> **TO DO**:
Using the data below, transcribe exactly everything from the line that contains "Vintage Toons: Retro-Affe" down to the line that contains "Backyard Sports Download". Include both of those lines and none of the pictures.

━━━━━ DATA FOR ANALYSIS

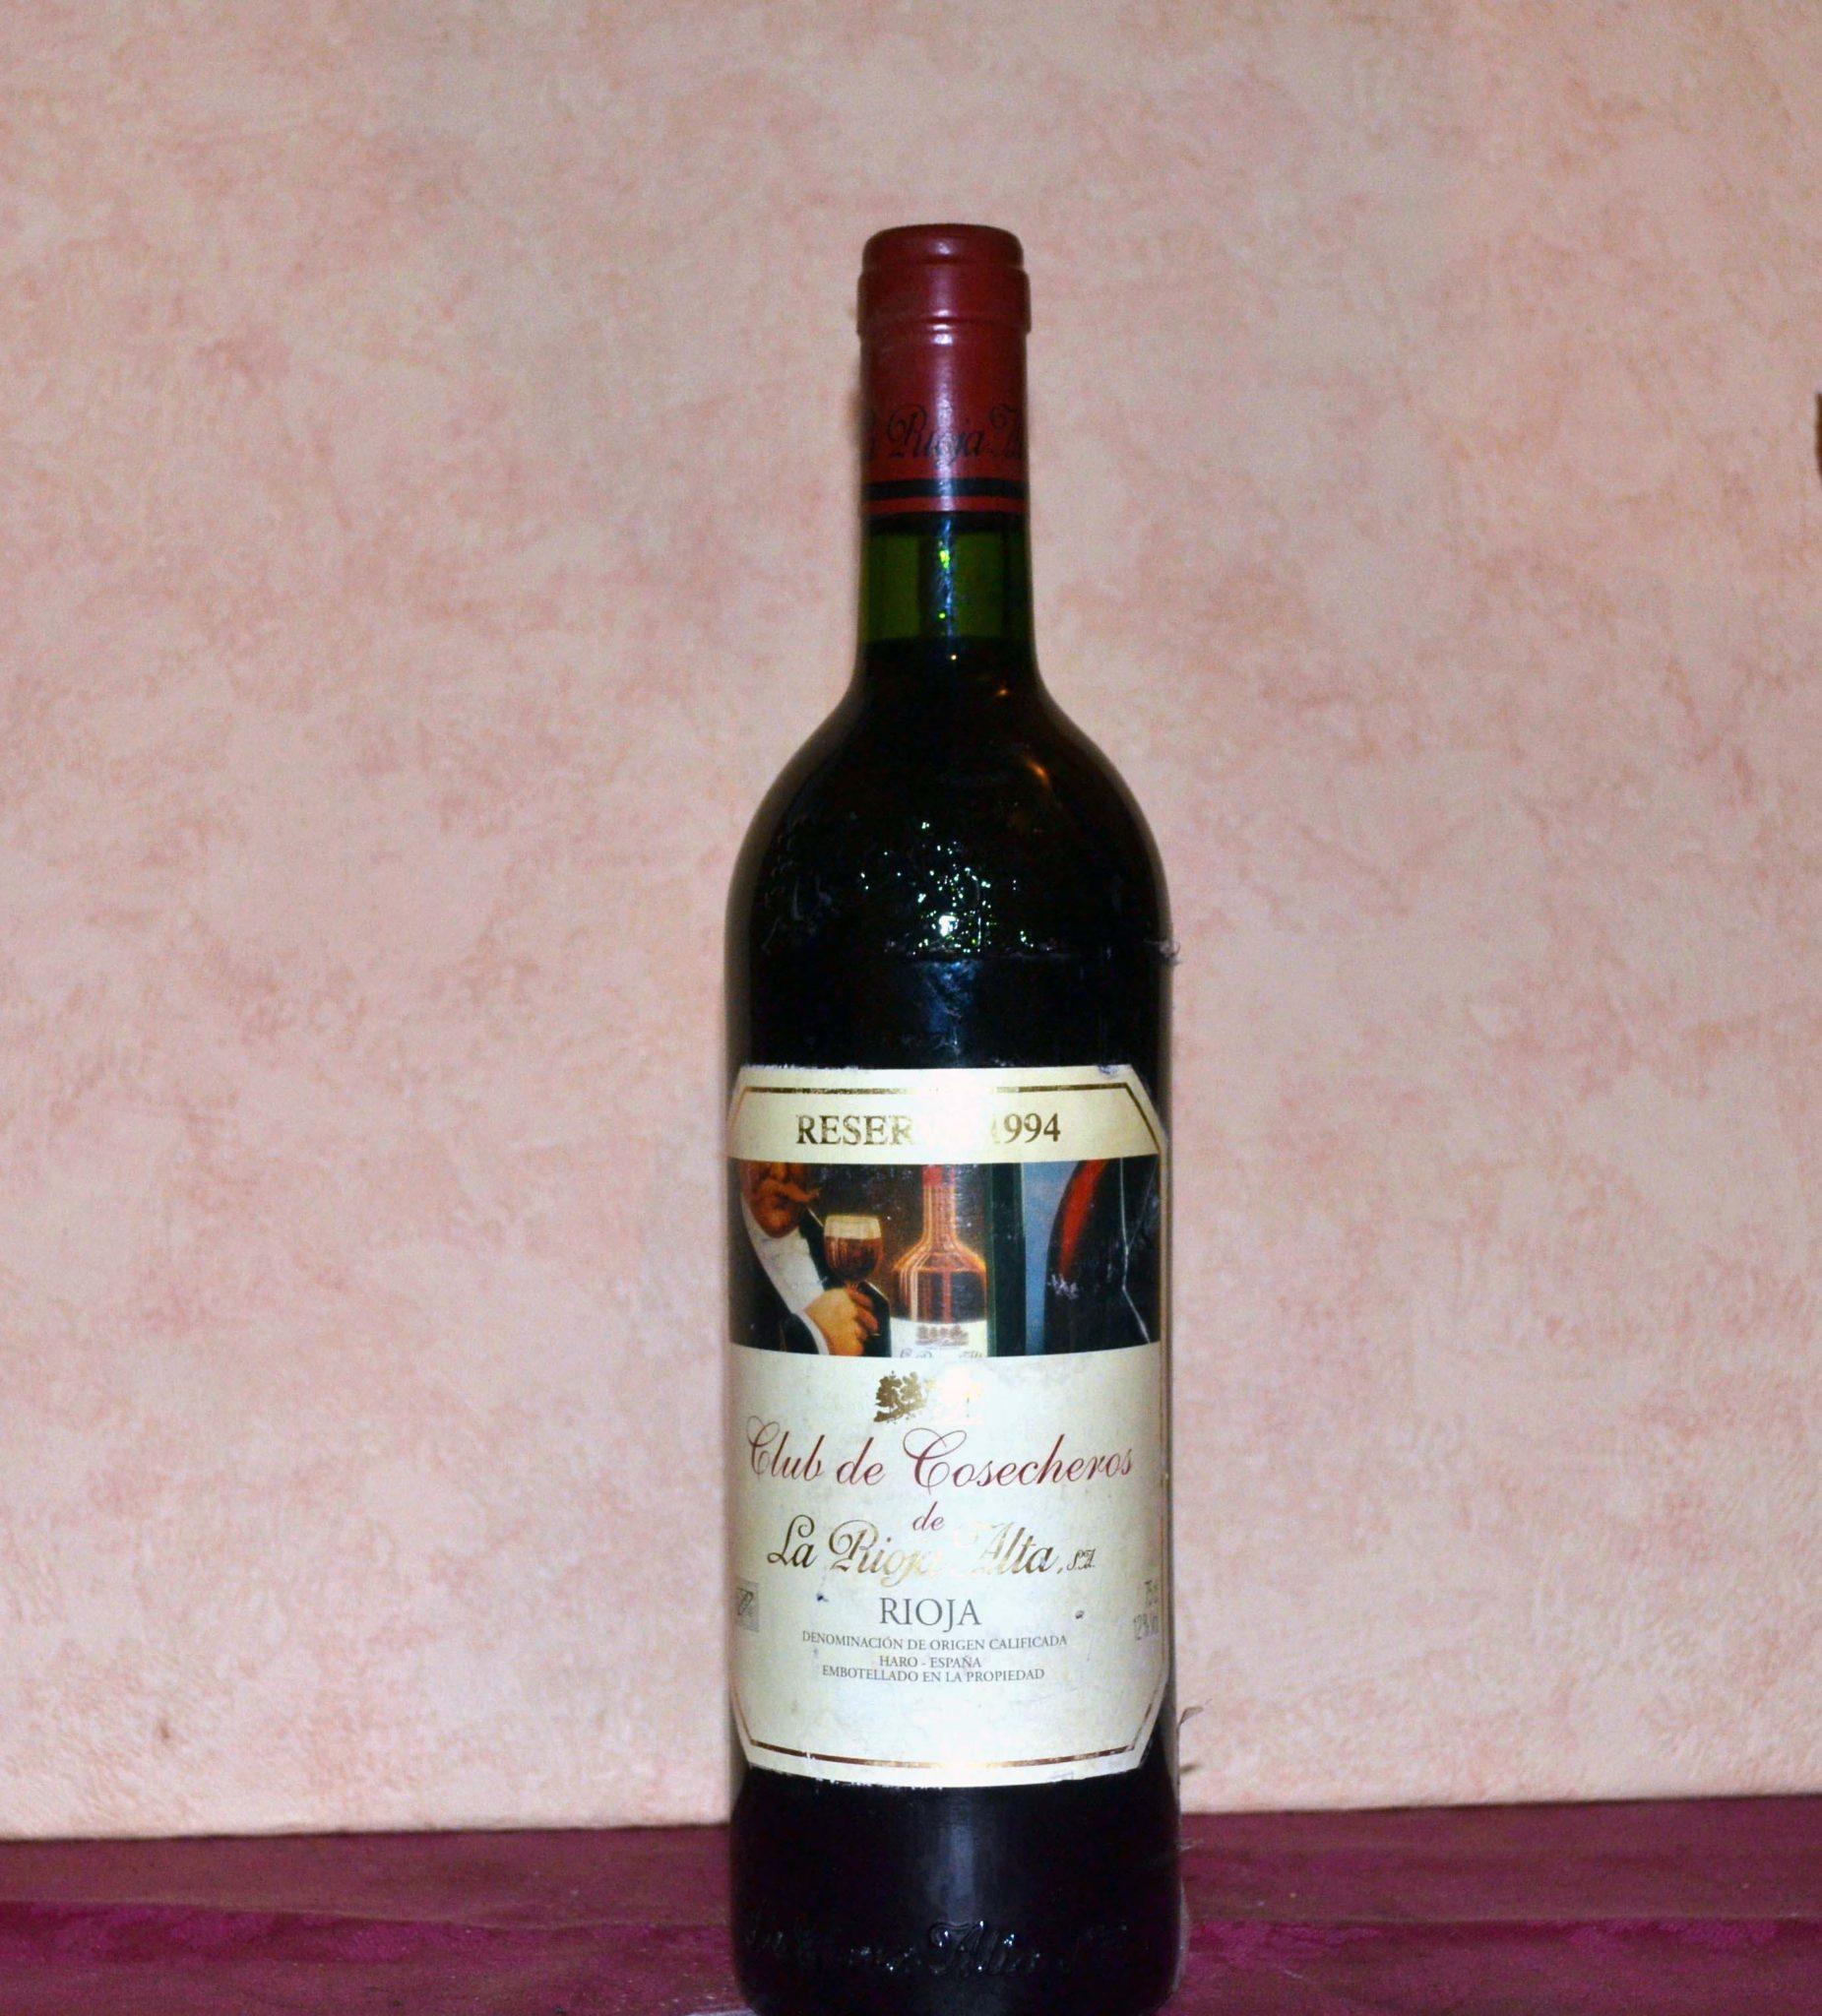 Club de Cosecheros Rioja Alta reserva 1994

━━━━━━━━━━
━━━━━ DATA FOR ANALYSIS

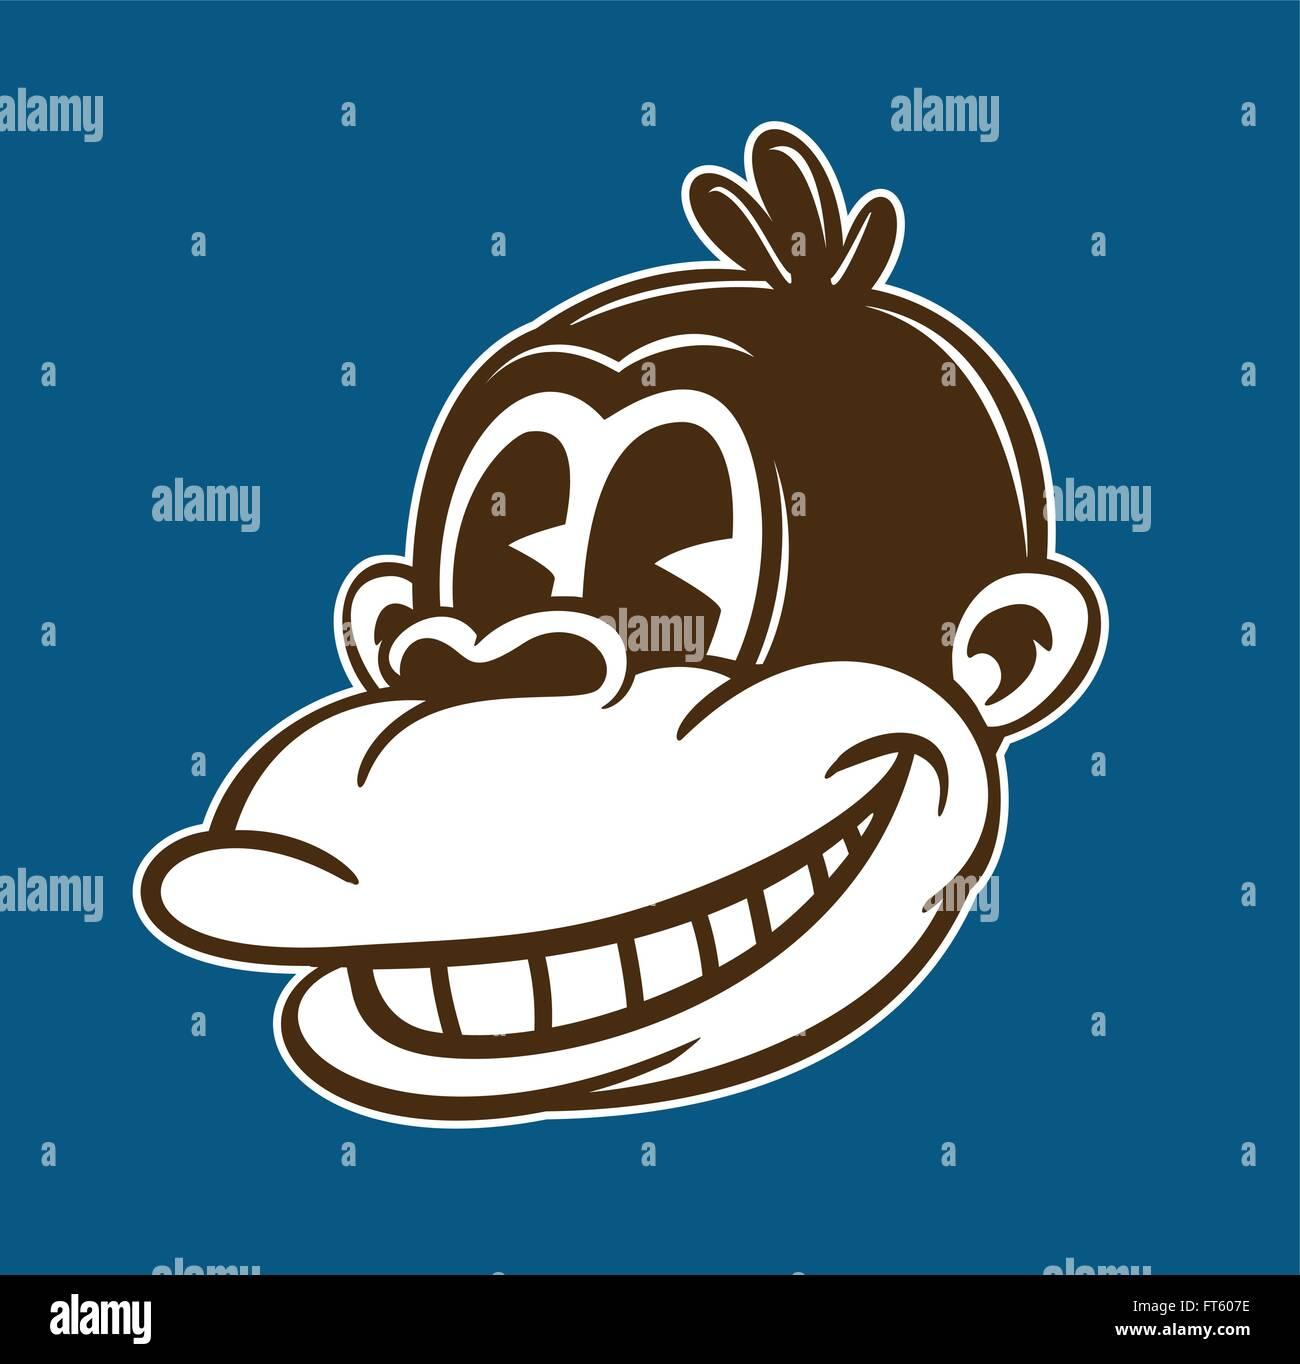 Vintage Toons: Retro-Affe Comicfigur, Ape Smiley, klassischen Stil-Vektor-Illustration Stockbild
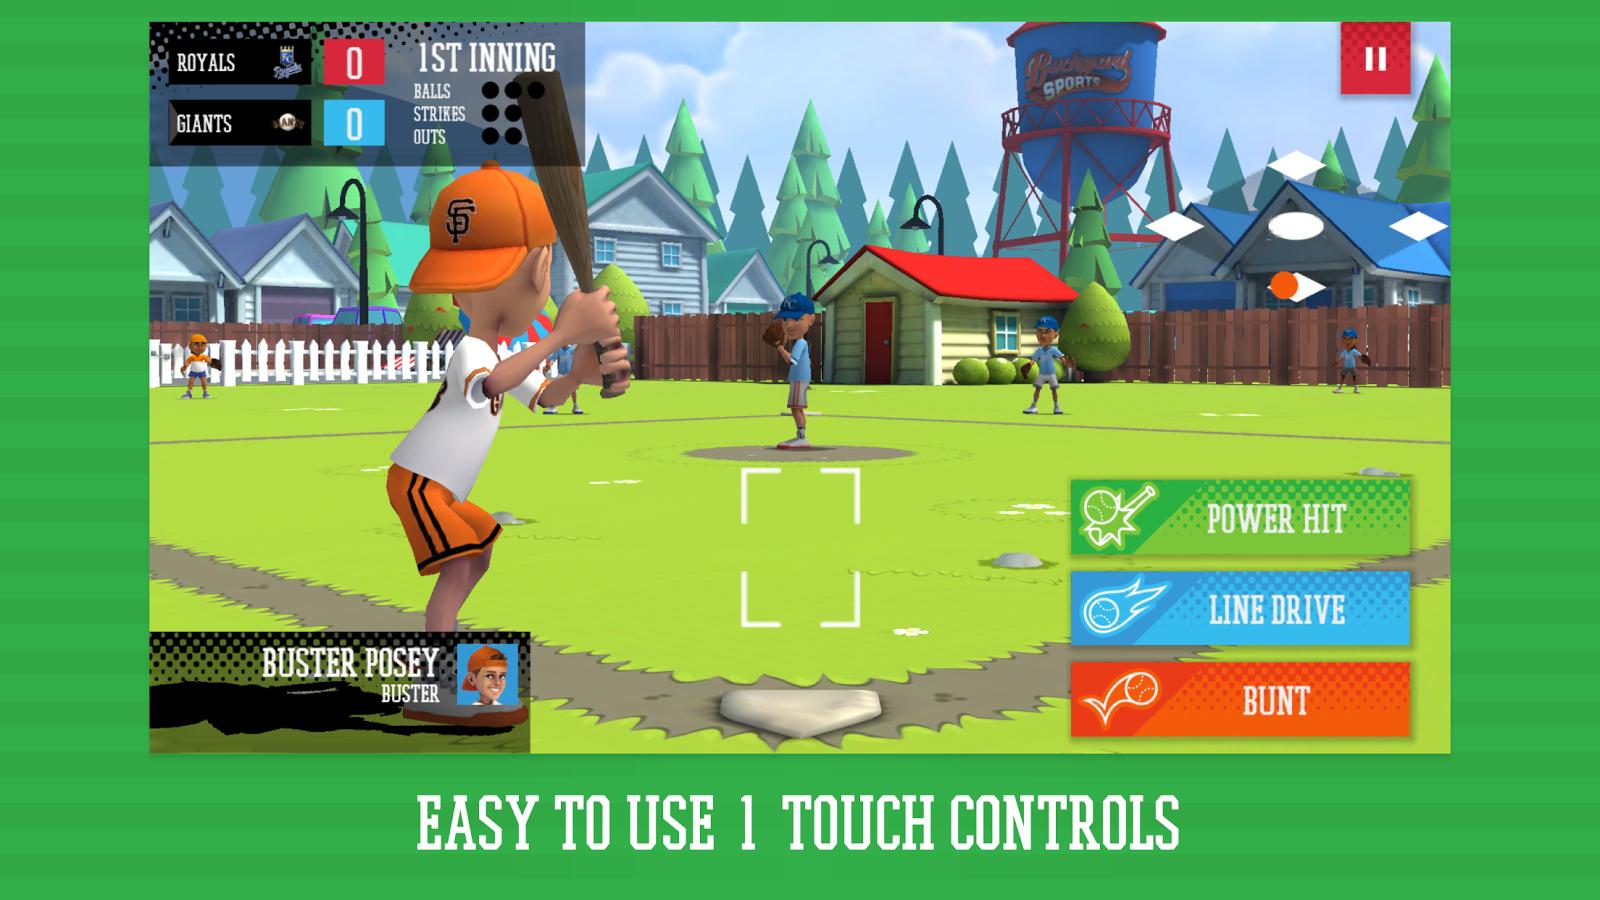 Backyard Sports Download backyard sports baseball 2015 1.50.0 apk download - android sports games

━━━━━━━━━━
━━━━━ DATA FOR ANALYSIS

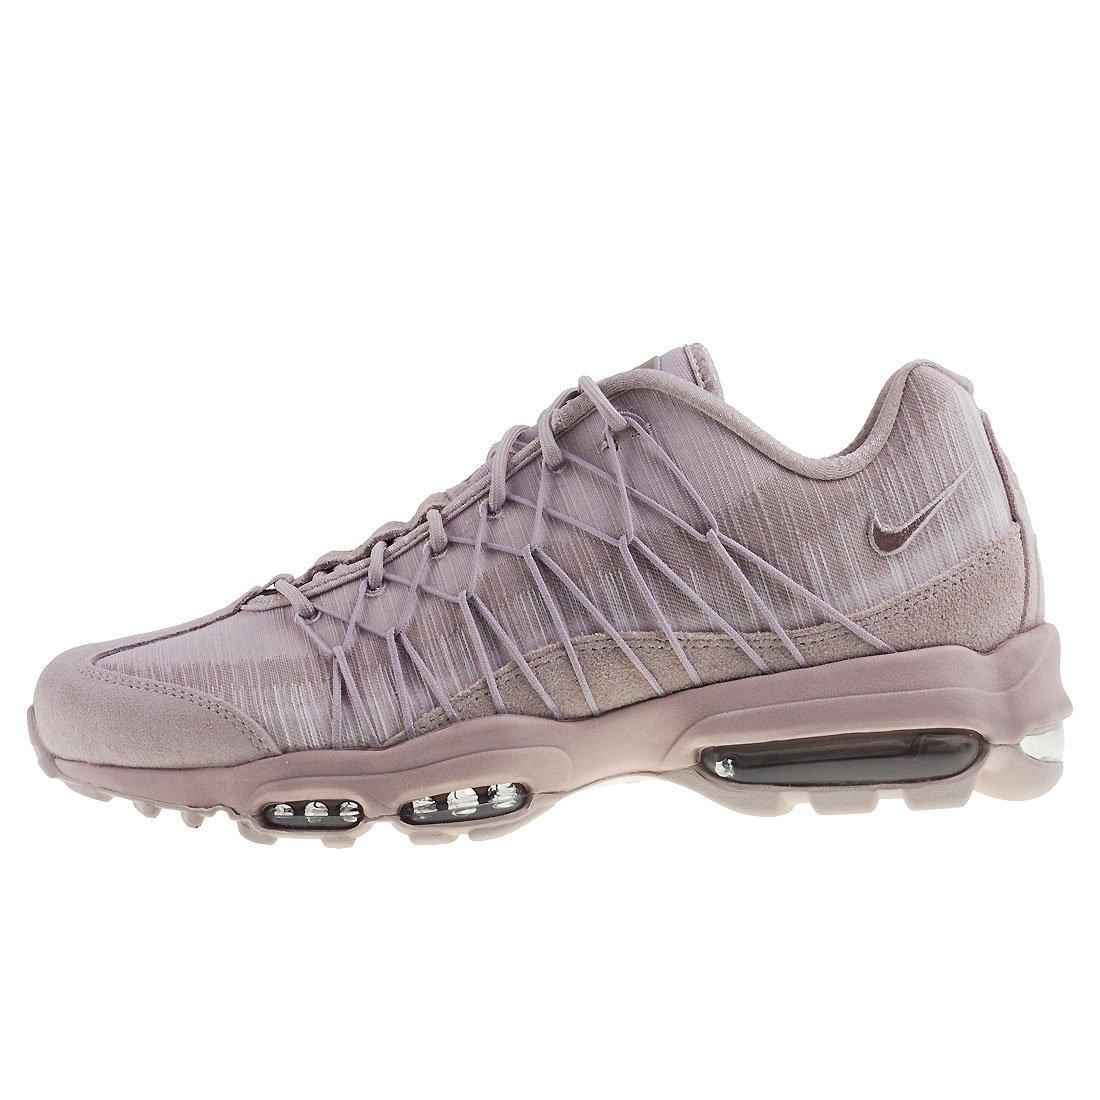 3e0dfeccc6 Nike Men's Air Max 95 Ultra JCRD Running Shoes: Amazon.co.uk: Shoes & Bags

━━━━━━━━━━

> **THE COMPLETED TASK**:
 Vintage Toons: Retro-Affe Comicfigur, Ape Smiley, klassischen Stil-Vektor-Illustration Stockbild
 Backyard Sports Download backyard sports baseball 2015 1.50.0 apk download - android sports games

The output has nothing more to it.